I've been sick for the past couple of days which really sucks but i'm feeling a bit better at the moment so I can manage a blog post. I have the flu which makes me suddenly really cold to really hot in a matter of minutes and that's very similar to how my life has been recently.
One day i feel like absolute shit and the next i feel on top of the world! Not really sure why, to be honest I don't think it's normal to have such extreme mood swings but I don't see anyway out as I've been very bad at expressing my feelings recently for some strange reason.
Some highs and lows in the past few months:
- I have an extremely kind guy in my life (I would say boyfriend but we aren't going out), It's practically the same I just tend not to go out with people anymore hahaha
- I haven't seen him for a week which might not seem that long but we've seen each other at least 2-3 times a week for the past 2 months so it's not easy
- School starts soon although I'm not entirely sure when as I have to choose between 2 schools as soon as possible and they start at different times, i'm going to this new school for two days to check it out and see if I like it but i am so terrible at making decisions I doubt two days will be able to make my mind up about where I want to spend the rest of my schooling years at.

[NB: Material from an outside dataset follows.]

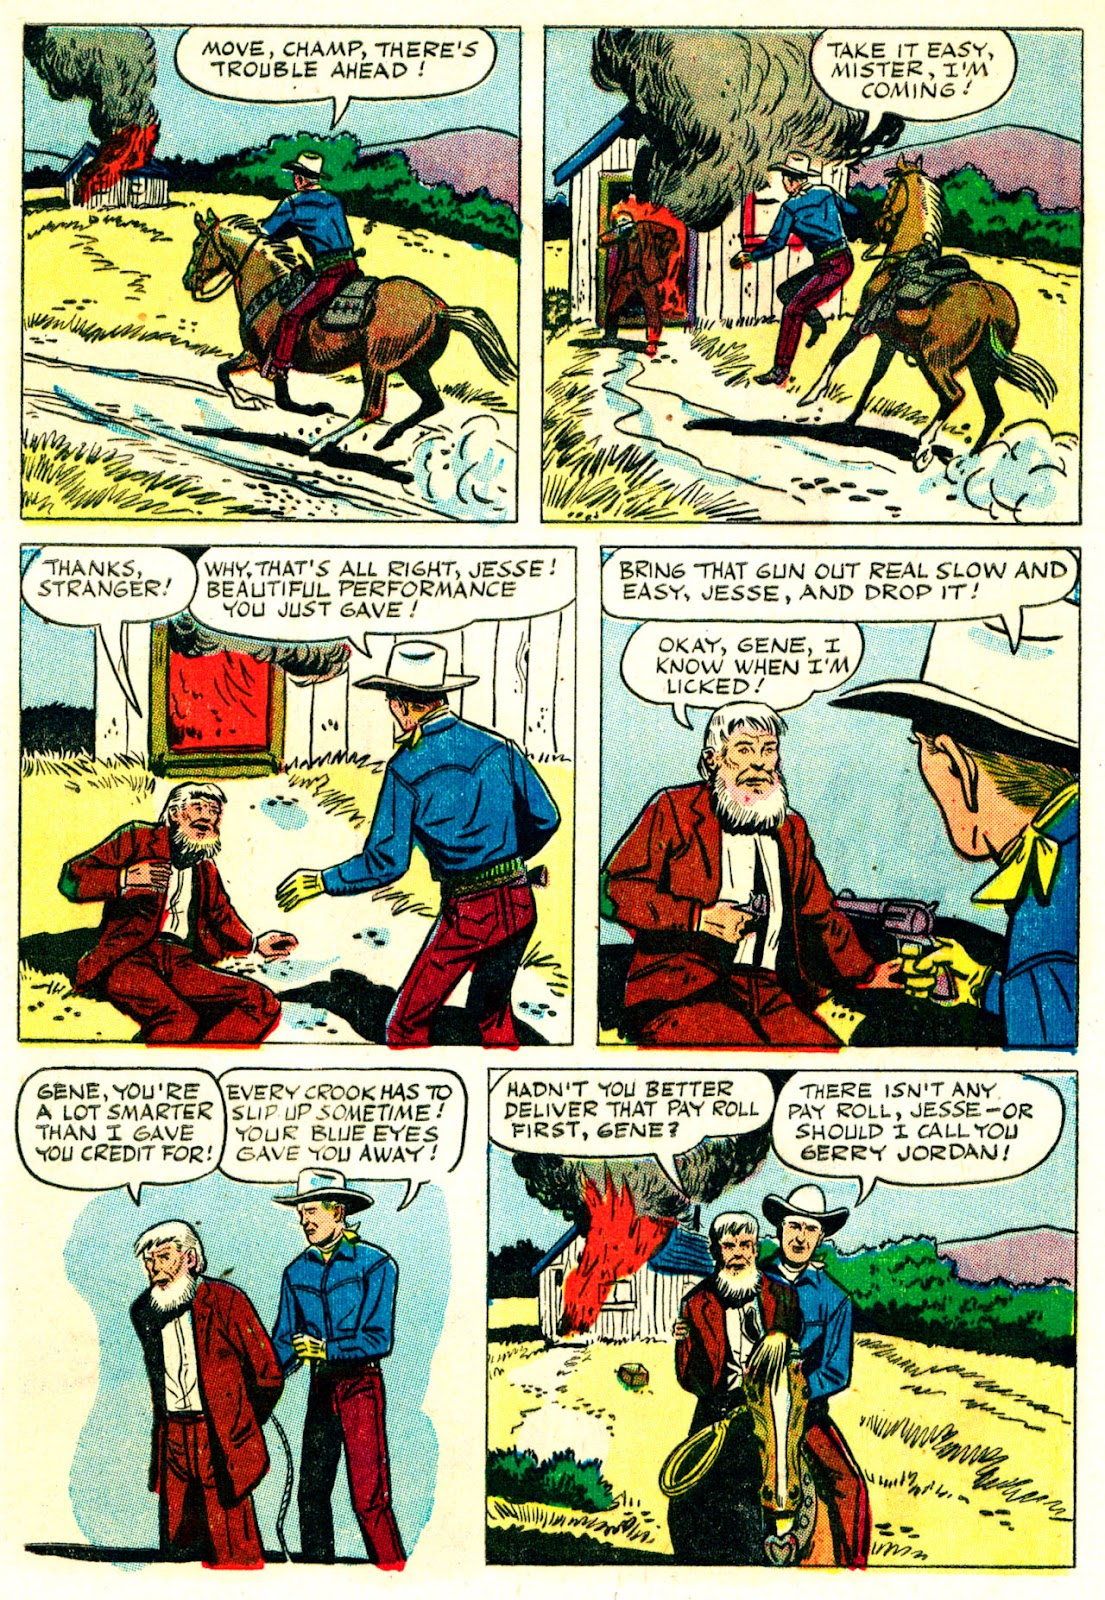 Gene Autry Comics (1946) issue 83 - Page 16

- On the one hand I really want to be at a school where there is less pressure about academic subjects and where I can express my talents but on the other I'm just way too scared to try something new again because last time It didn't go so well.
- I'm sick
- Recently I have been trying to think a bit more positively and be more open towards other people / let them in, hasn't been easy but I guess things will get better soon
- Been clean for over 2 months now
- I have a lot of holiday homework which i'm not sure if I should complete
- Hung out with Rebecca last weekend which was really really fun although I miss her already
- My friend's parents don't hate me as much anymore so i am allowed to see her occasionally
- I watched the Nelson Mandela movie today which was really good! So inspiring
- I haven't eaten very well so far in these holidays which really brings me down and I can notice it on my skin (plus my mum keeps mentioning it -__-) So for the rest of the holidays I'm going to try eat a bit better and get my skin looking relatively nice
And yeah that's about it, typing up my problems really puts them in perspective and allows me to see them a bit more clearly - i recommend it if you feel like your head is going to explode from so many thoughts from time to time!